The problem: The answer is to be the data that follows, transcribed exactly, minus its pictures.

Data shown:
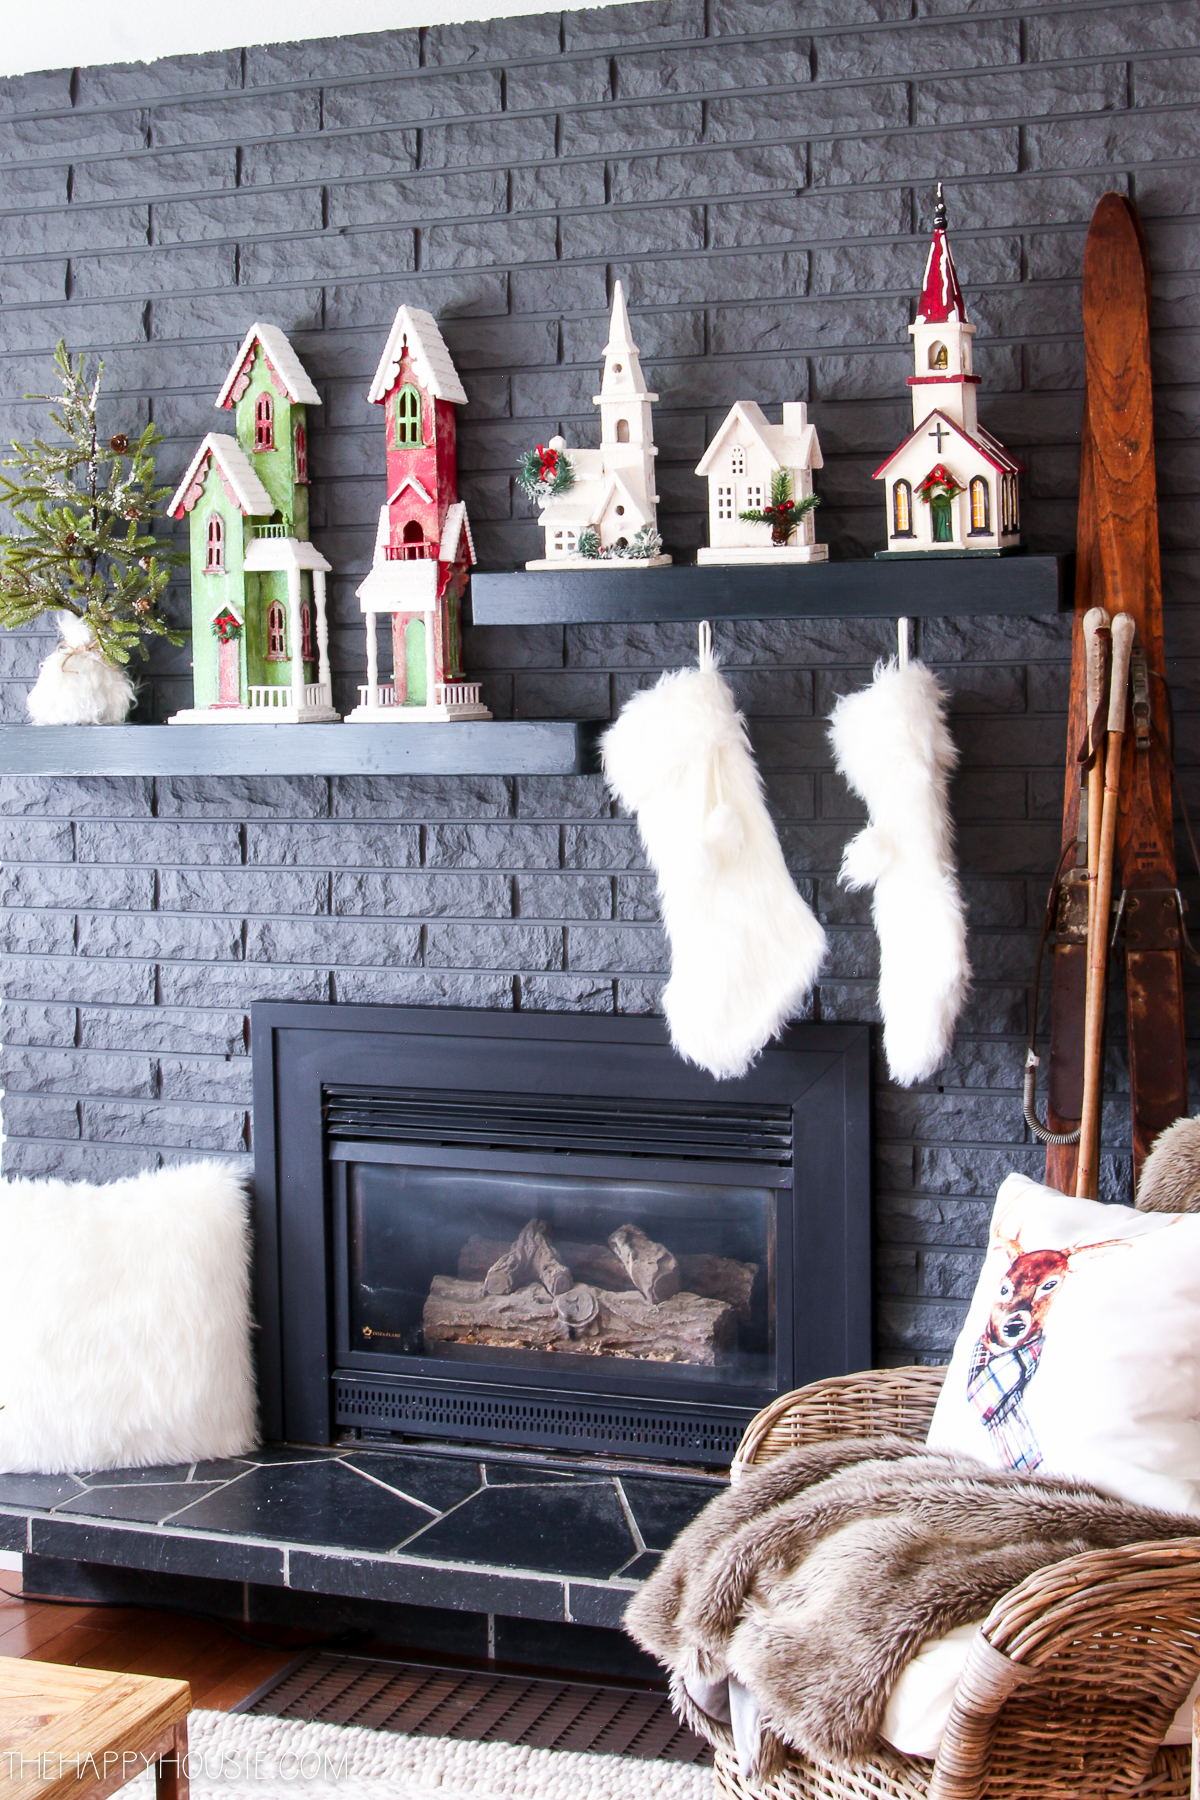 Little village houses on shelves above the fireplace.
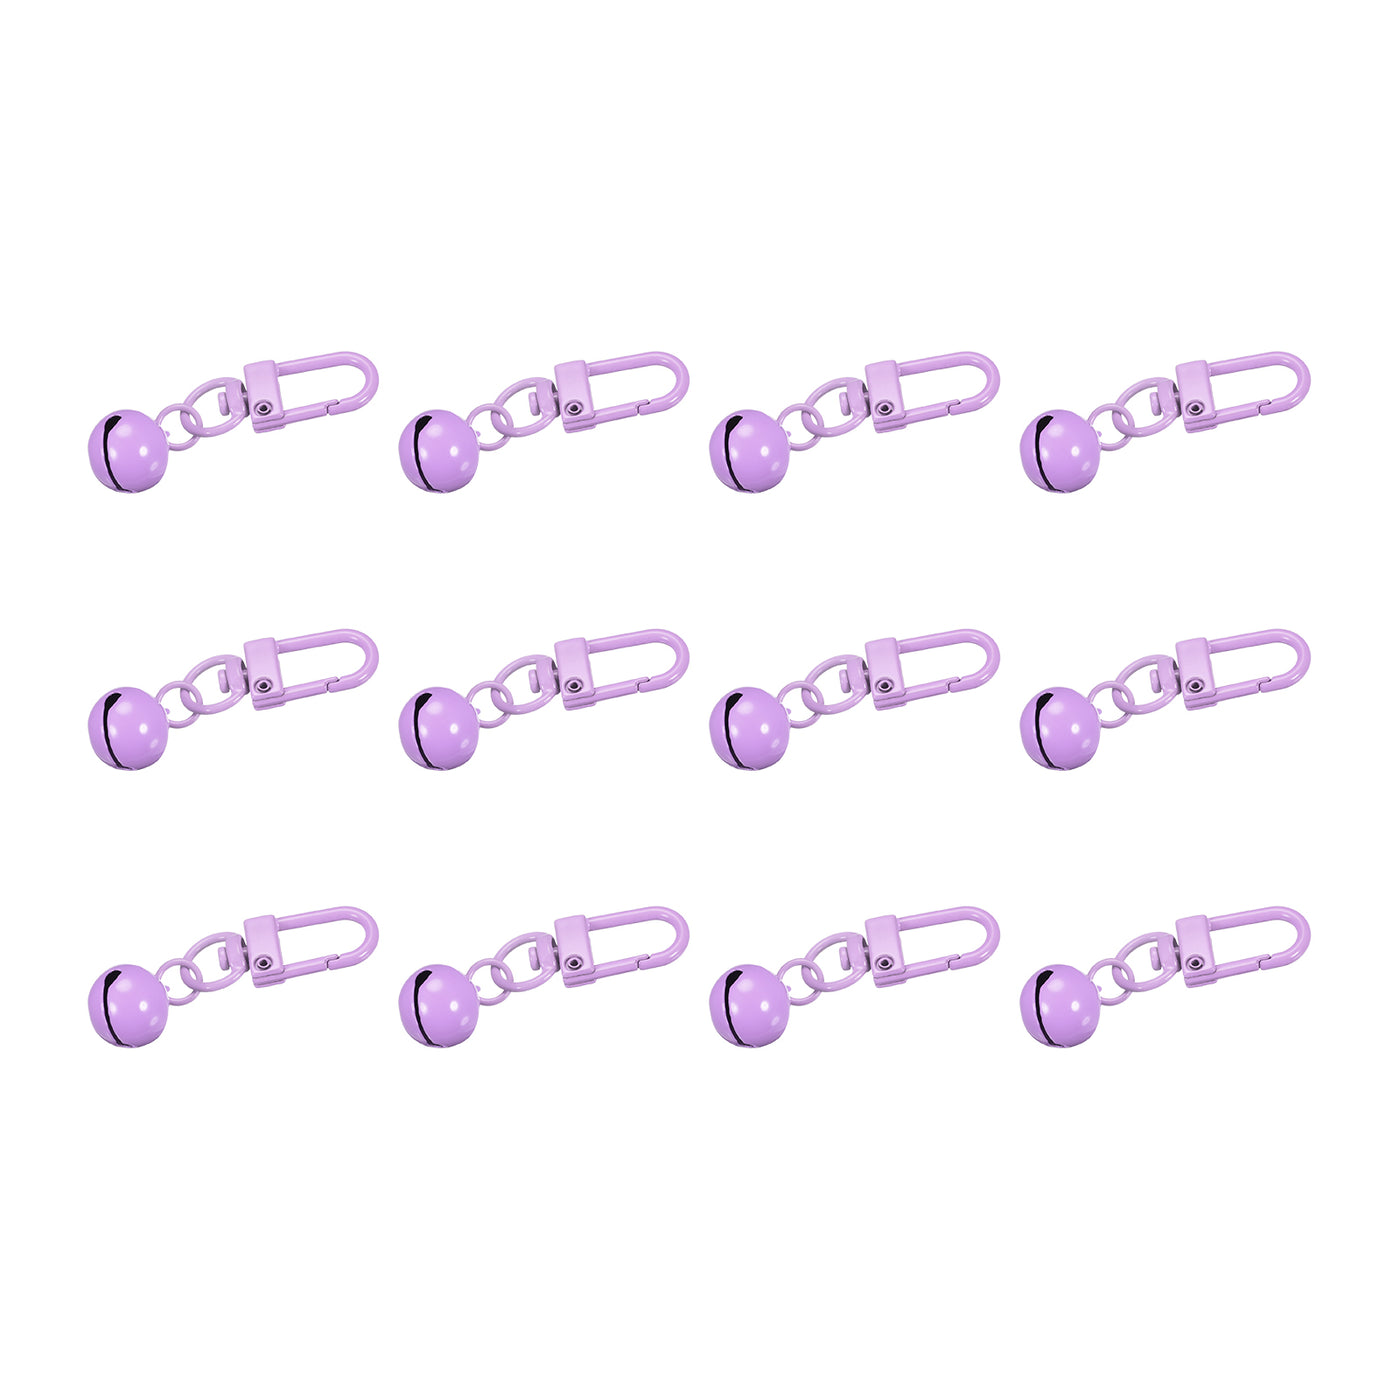 uxcell Uxcell 12Pcs Pet Bells, 13mm/0.51" Dia Purple Bells with Clasps for DIY Crafts
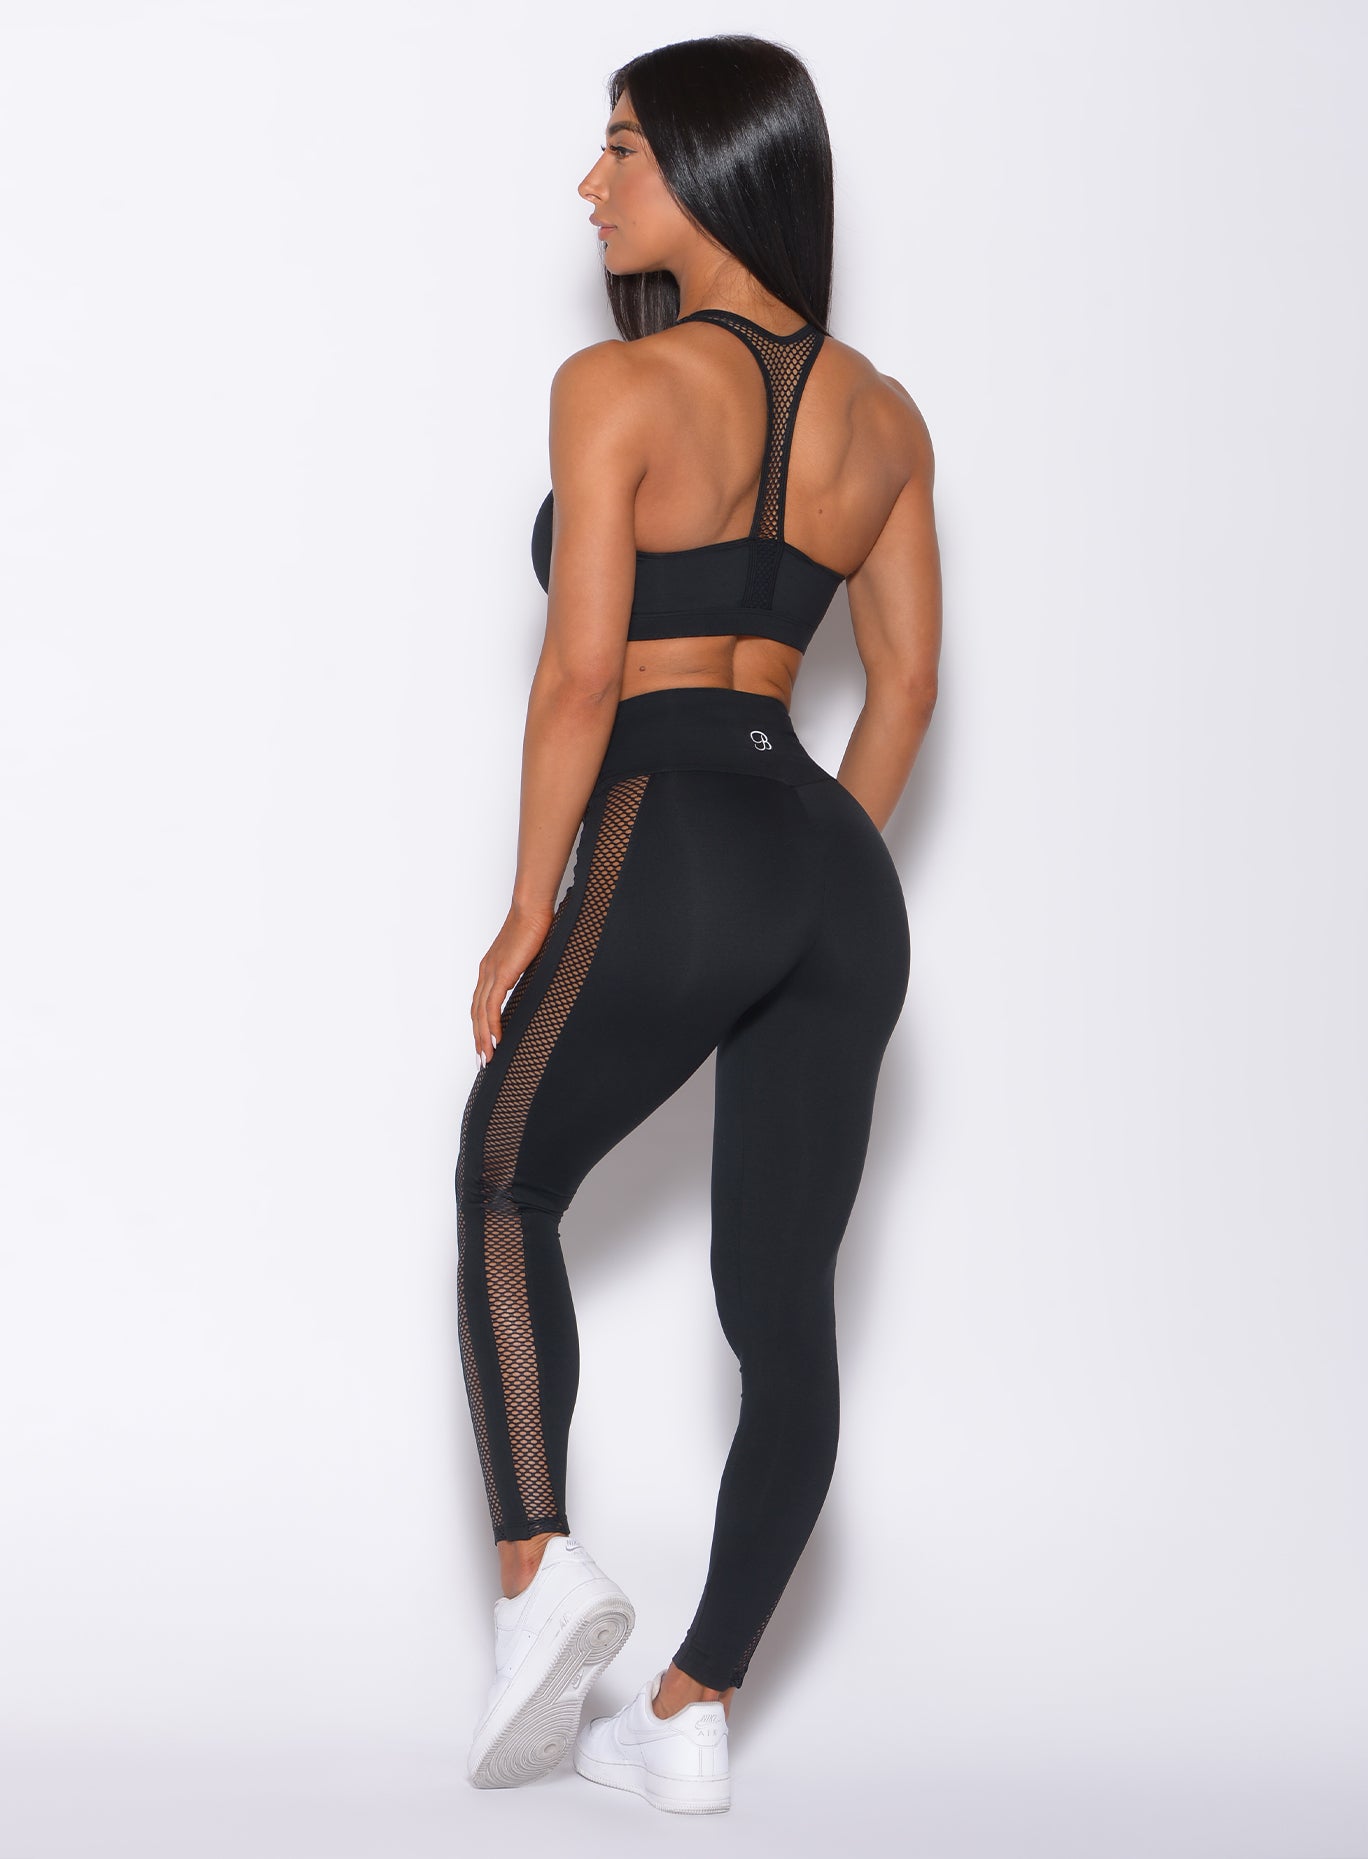 Back profile view of a model facing to her left wearing our black Mohawk leggings and a matching bra

Finished exercise:
 Little village houses on shelves above the fireplace.
 uxcell Uxcell 12Pcs Pet Bells, 13mm/0.51" Dia Purple Bells with Clasps for DIY Crafts
 Back profile view of a model facing to her left wearing our black Mohawk leggings and a matching bra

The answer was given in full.